Studies at the Main Engineering School (Mikhailovsky Castle)

Fontanka River Embankment, 2, Saint Petersburg, Russia, 191187

Dostoevsky moves into the Engineering (formerly Mikhailovsky) Castle, where the Main Engineering School is located. Dostoevsky's company officer, A. I. Savelyev, later recalled that "His favorite place to work was the embrasure of the window in the corner bedroom of the company, overlooking the Fontanka."

The first address of Dostoevsky in St. Petersburg

Moskovsky Ave., 22, Saint Petersburg, Russia, 190013

The first address of Dostoevsky in St. Petersburg was Bolshoy Tsarskoselsky Prospect, the house of Collegiate Councillor Fyodor Dmitrievich Serapin, No. 7. The modern address is Moskovsky Prospect, No. 22. The house has been preserved (built in the 1820s). In a draft petition addressed to the monarch, M.A. Dostoevsky, who brought his elder sons Mikhail and Fyodor to St. Petersburg to enroll in the Main Engineering School, indicated his "temporary residence near Obukhov Bridge in the hotel at No. (text unfinished)." The researcher of Dostoevsky's work, Fedorov, suggested that the hotel where the Dostoevskys "could have stayed 'near Obukhov Bridge'" was the "stagecoach hotel in the 'huge' Serapin house, where 'order and cleanliness, arrangement and affordability (as the newspaper 'Northern Bee' wrote) are worthy of attention'."

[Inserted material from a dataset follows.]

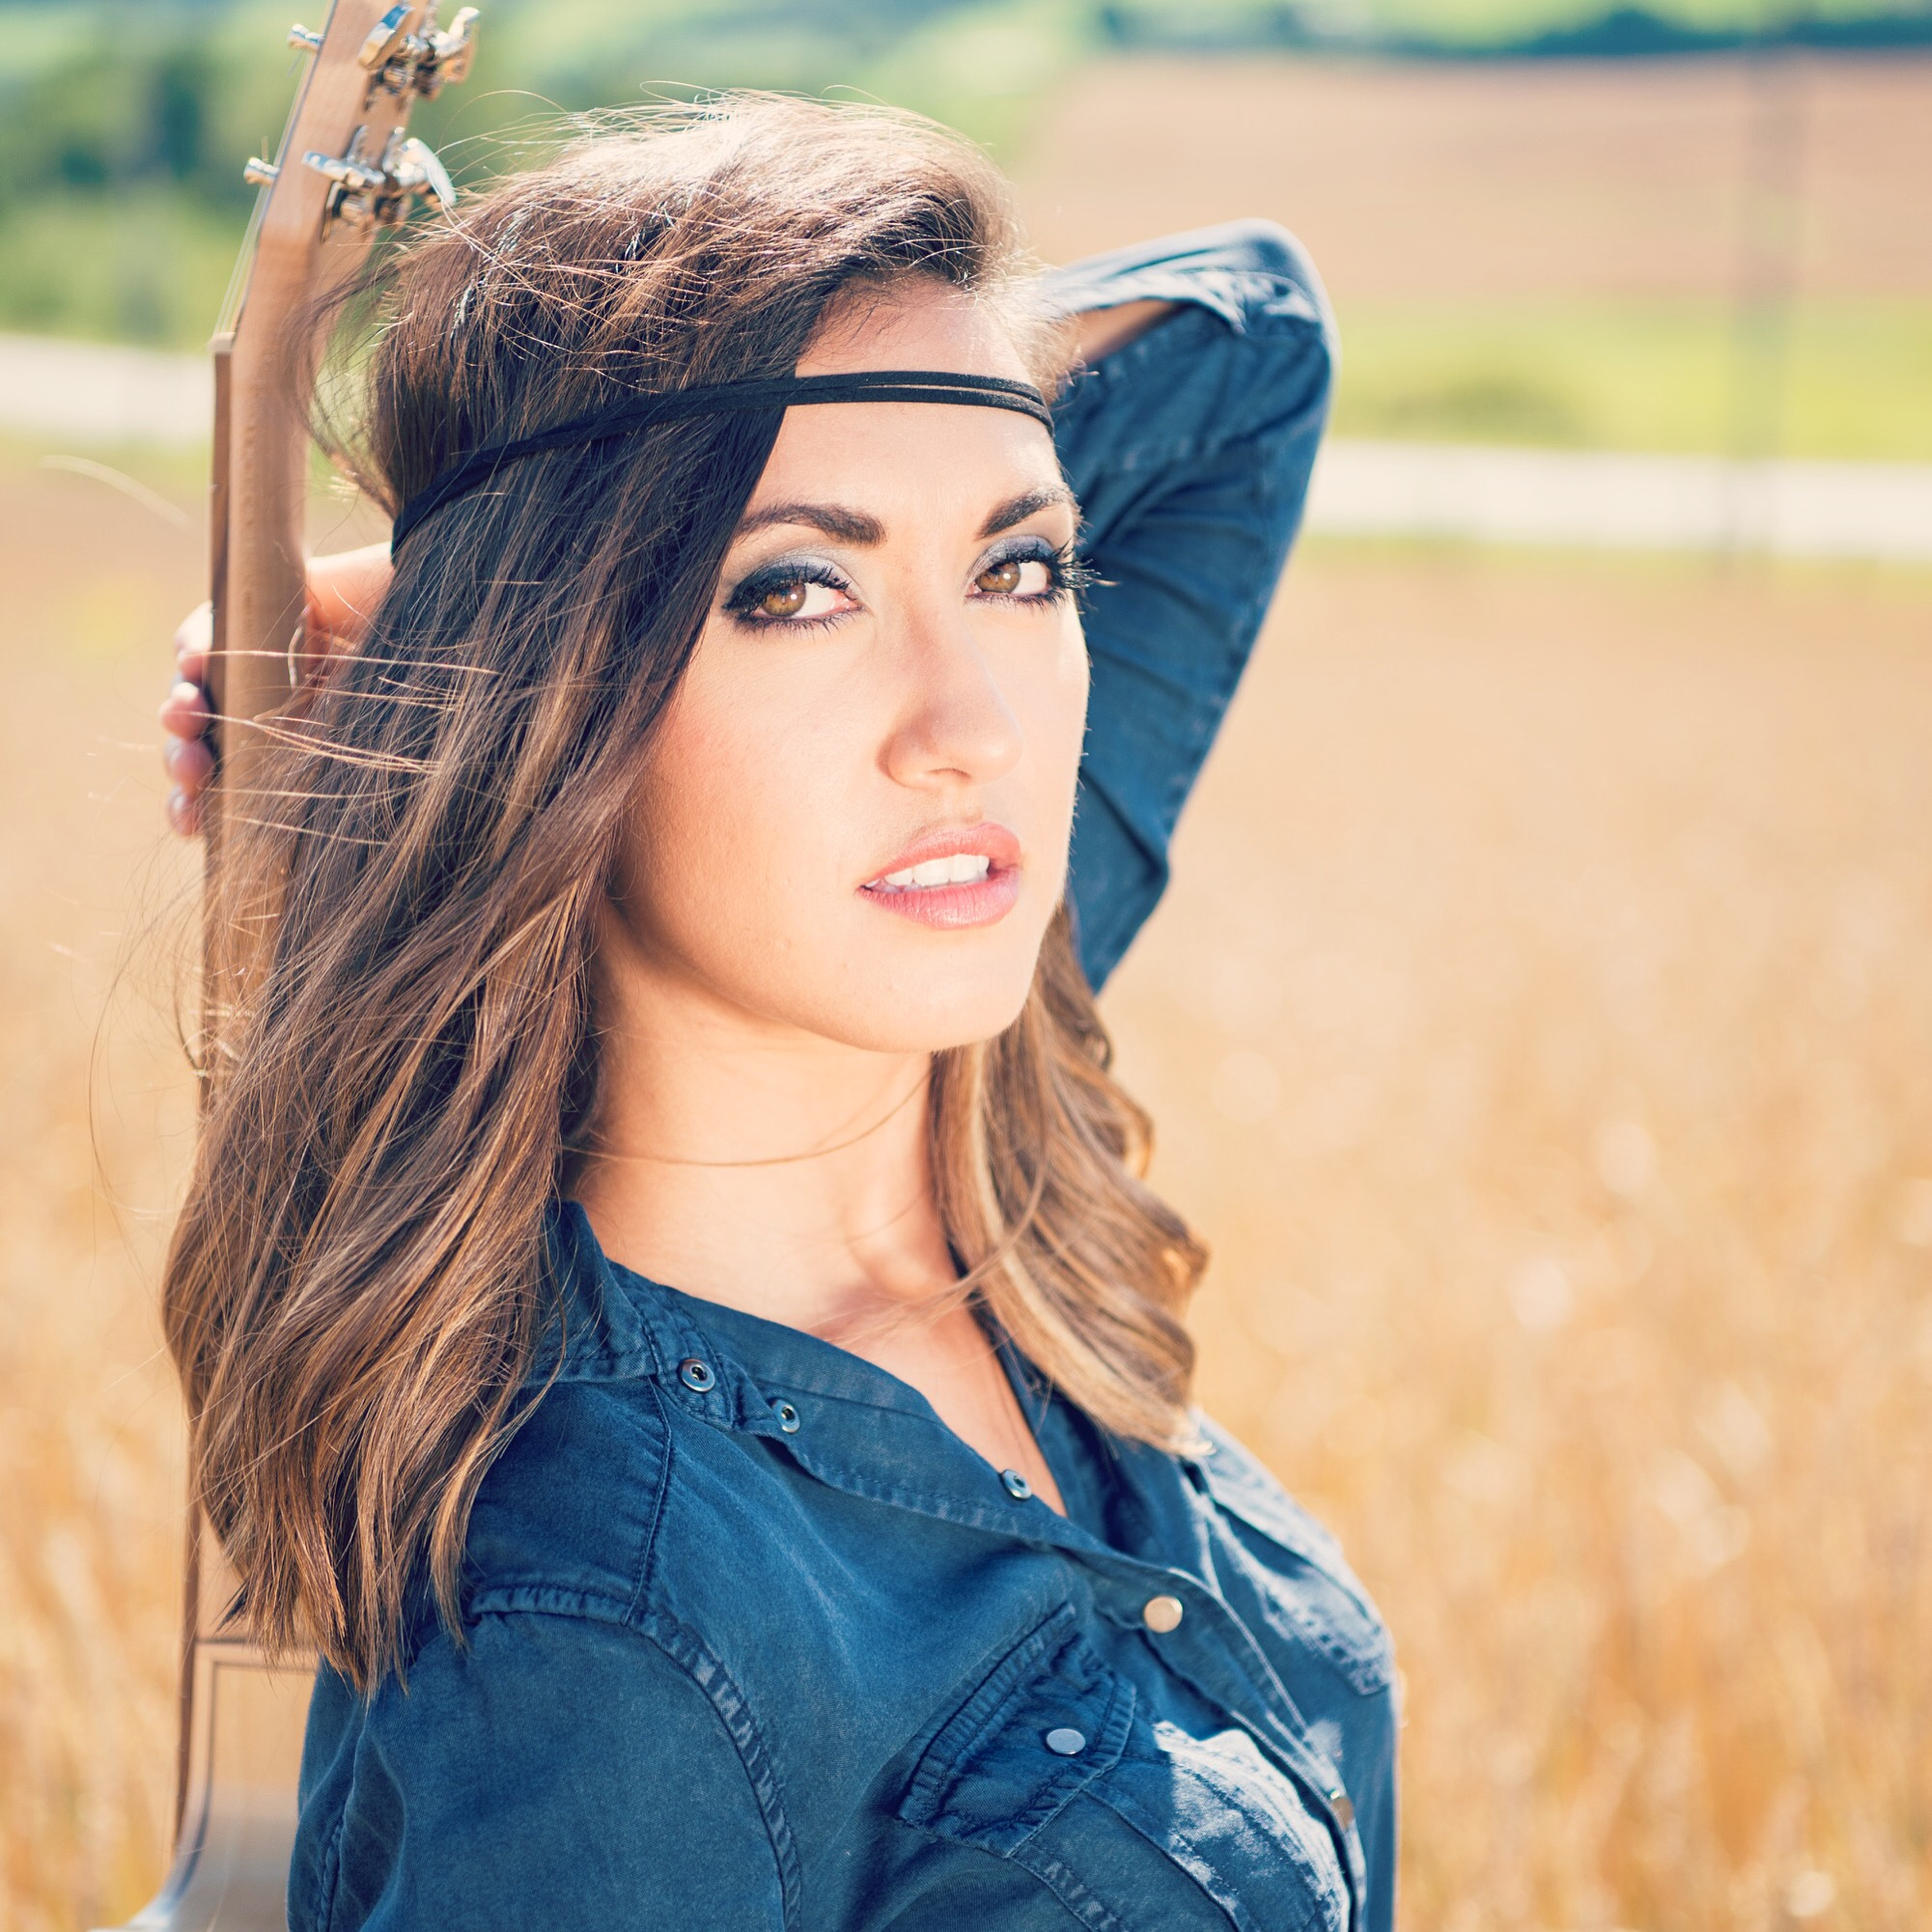 Genre  :Country-pop \ Folk-pop  Hometown : Saint-Prosper, Quebec, Canada

Preparation for Admission to the Main Engineering School

Ligovsky Ave., 65, Saint Petersburg, Russia, 191040

Having placed his sons for exam preparation at the Main Engineering School in Captain Kostomarov’s boarding house, Mikhail Andreyevich Dostoevsky left back for Moscow on May 26 or 27. The historical address of the boarding house: Ligovsky Canal Embankment, house of the 3rd guild merchant Nikita Ivanovich Reshetnikov, No. 66. Captain Kostomarov’s boarding house. Modern address: Ligovsky Prospect, No. 65. The house has not been preserved (the current building was constructed in 1912–1913). The address is recorded in a memorial note by A.G. Dostoevskaya, made by her in the Notebook of 1876–1884: “Dostoevsky studied under Coronad Filippovich Kostomarov, on Ligovsky Canal, Reshetnikov’s house.”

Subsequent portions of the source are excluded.